People typically come to see me when they are in the middle of a huge transition time and their relationship is often the catalyst.
Having worked with so many people, I see common patterns and trends based on the type of relationship they are in.
I learned from my coach, Christine Hassler, there are basically 5 types of relationships.
I thought you might find it helpful to identify what type you may be currently in, why you may be struggling or why your relationship may have ended.
Issue Based Relationship
If you are in an issue-based relationship, your issues are what unconsciously attracted you to each other.
Often your issues were created in your childhood and are still effecting your life today.
For instance, if you have abandonment issues, you might attract someone who leaves you (emotionally or physically) and then comes back.
If you have trust issues, you may attract someone who will cheat and continuously lie to you.
Your issues can be the same, like the fear of rejection, which cause you to stay in the relationship even if it is not right for you.
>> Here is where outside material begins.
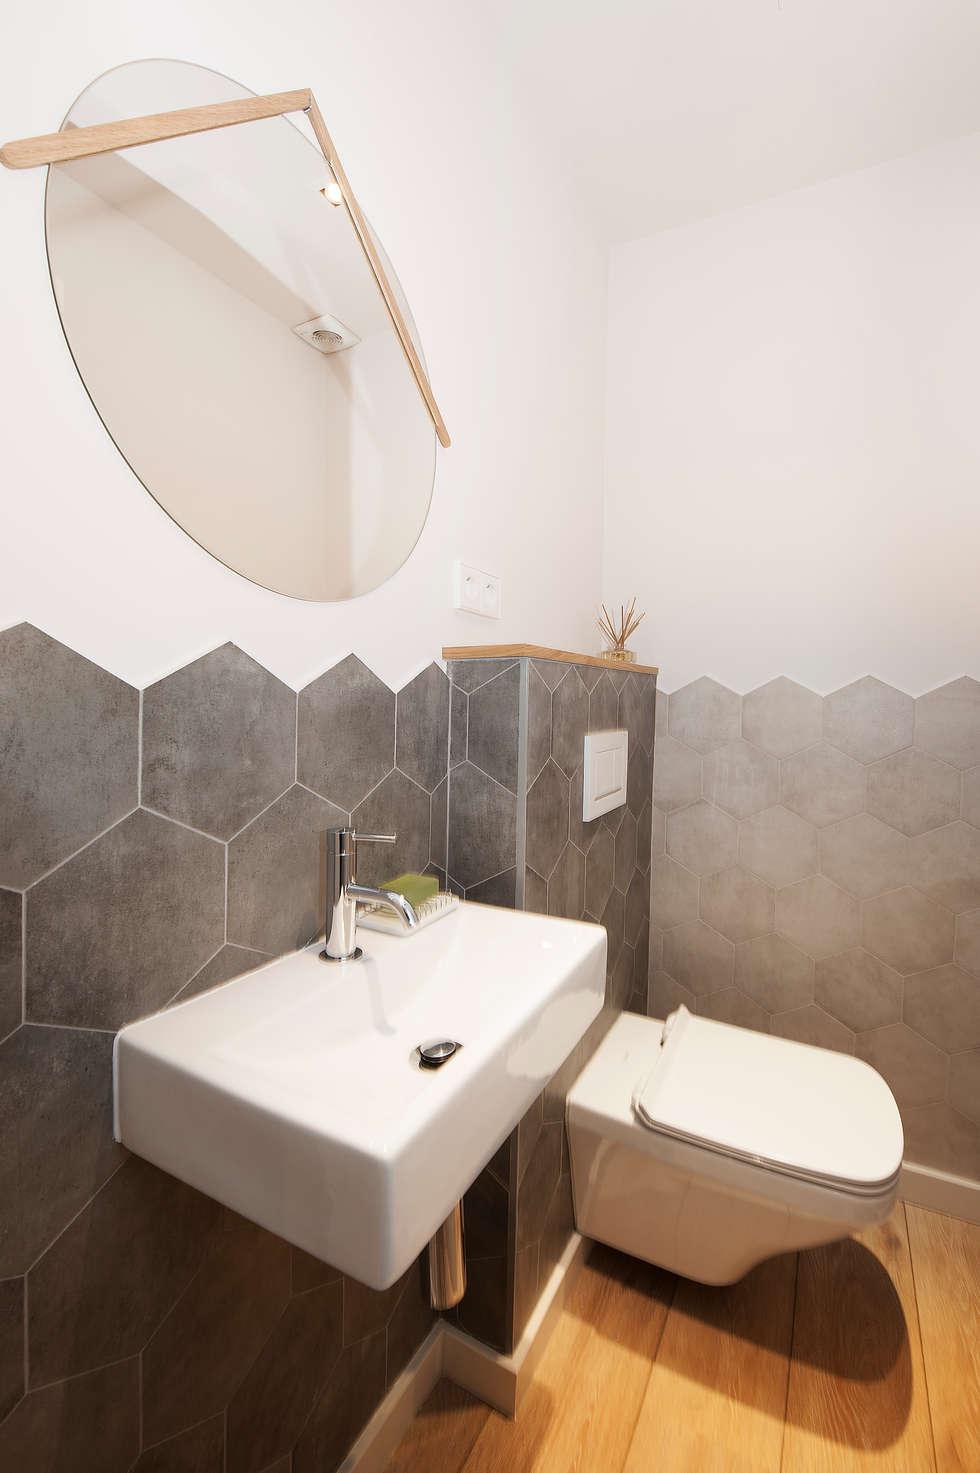 Fotos de decoraci n y dise o de interiores homify - Baldosas hexagonales ...
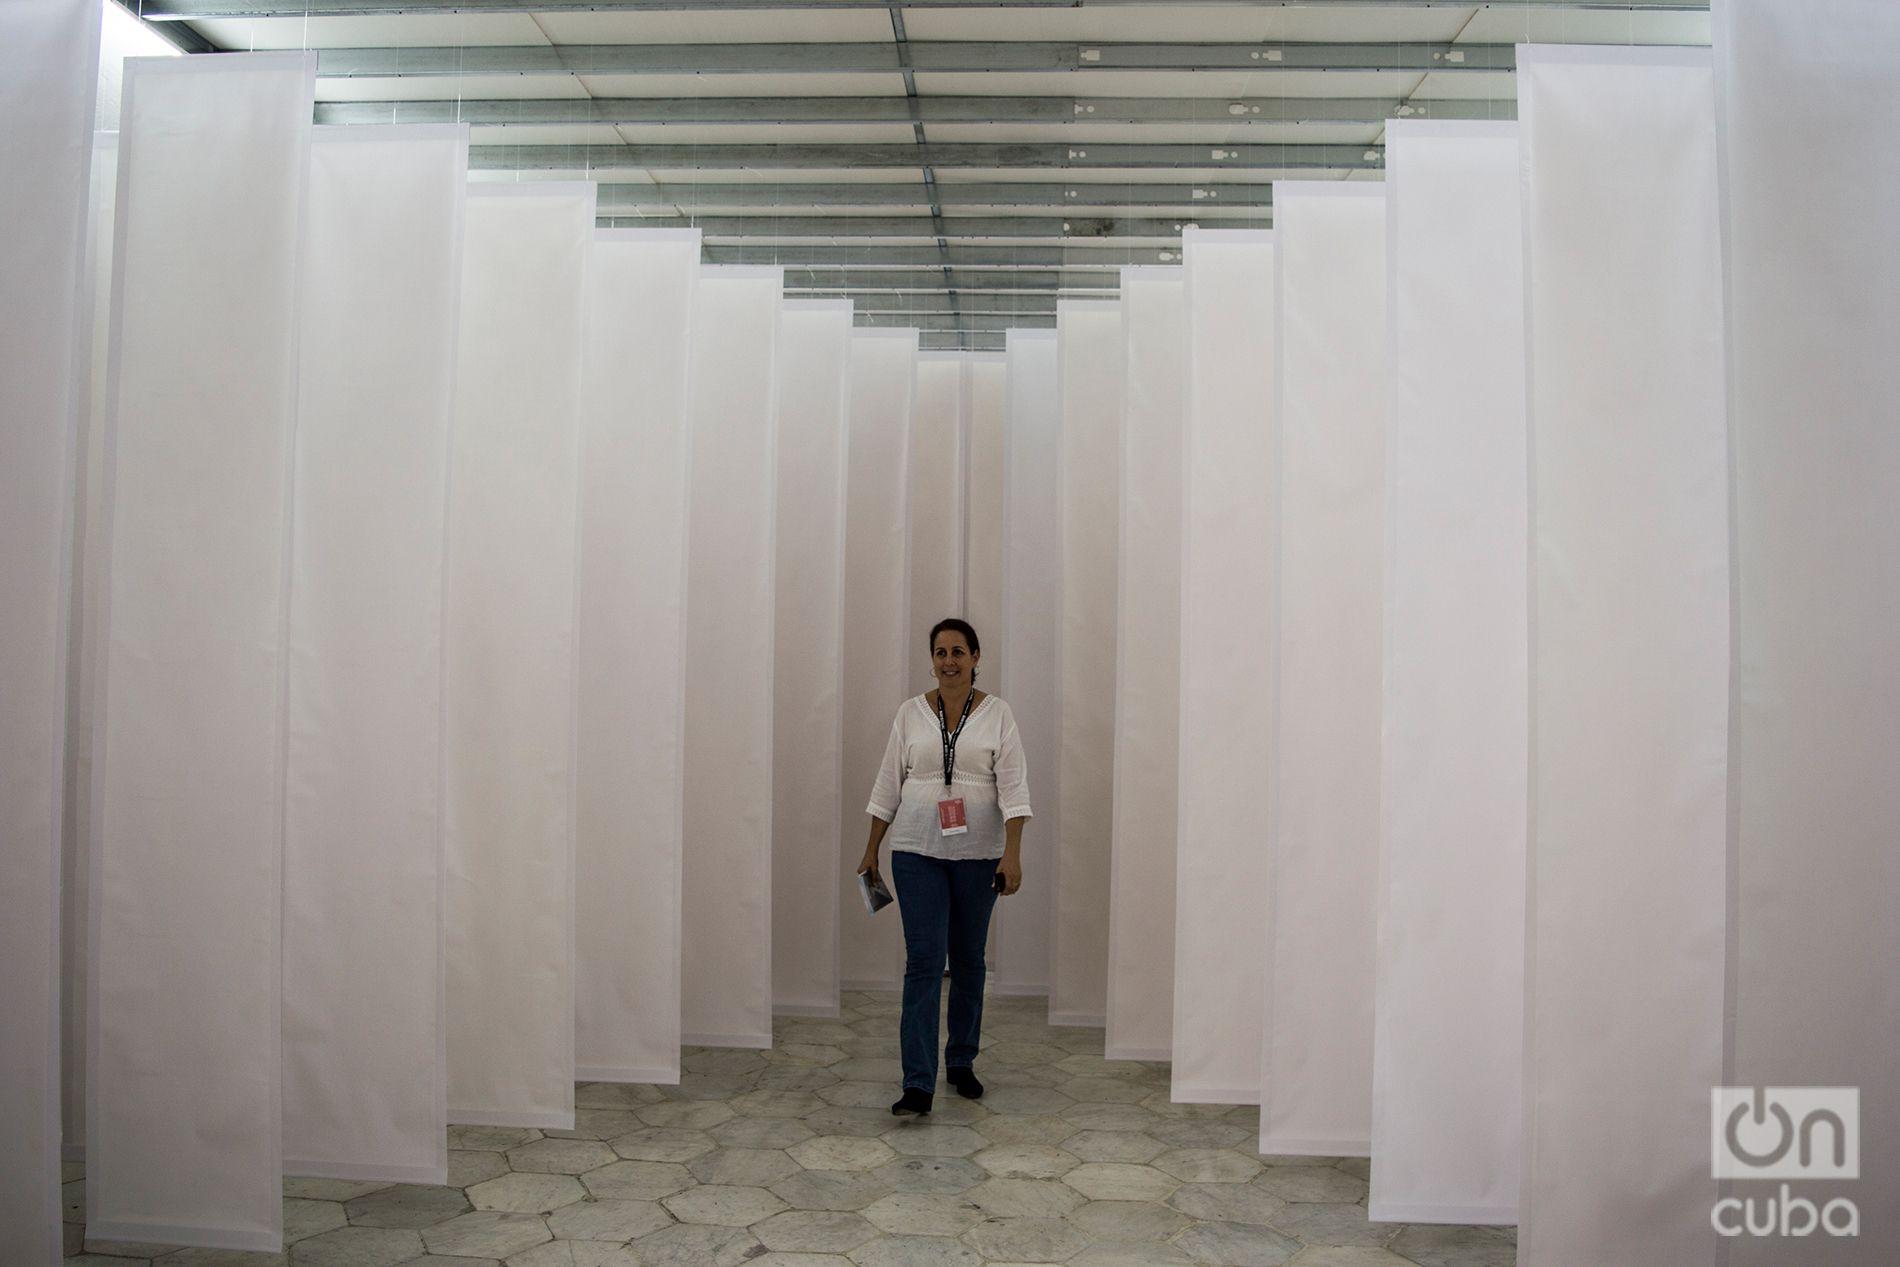 """Instalación """"Blanco"""", de la artista cubana Tamara Campo, en el Centro de Arte Contemporáneo Wifredo Lam, durante la XIII Bienal de La Habana. Foto: Otmaro Rodríguez."""

Typically, the chemistry in this relationship is very powerful. This makes it very confusing, because the strong attraction make it feel like they are the one.
The truth is, the chemistry has to be strong because rationally we know they are not good for us, but the chemistry makes it hard to let go.
They may also feel comfortable, because it is what you know.
For instance, if you grew up in an alcoholic home then being with an addict feels comfortable, although rationally you don’t want to be with someone who has addiction problems.
Chemistry is the magnet that brings you together, but they are often a mirror for us and there can be a lot of projection.
Along with great chemistry and passion, there is often a lot of fighting.
You might call this a real hot and heavy relationship.
An issue-based relationship, can work out long term, but if you find yourself in one, you should work out your issues on your own.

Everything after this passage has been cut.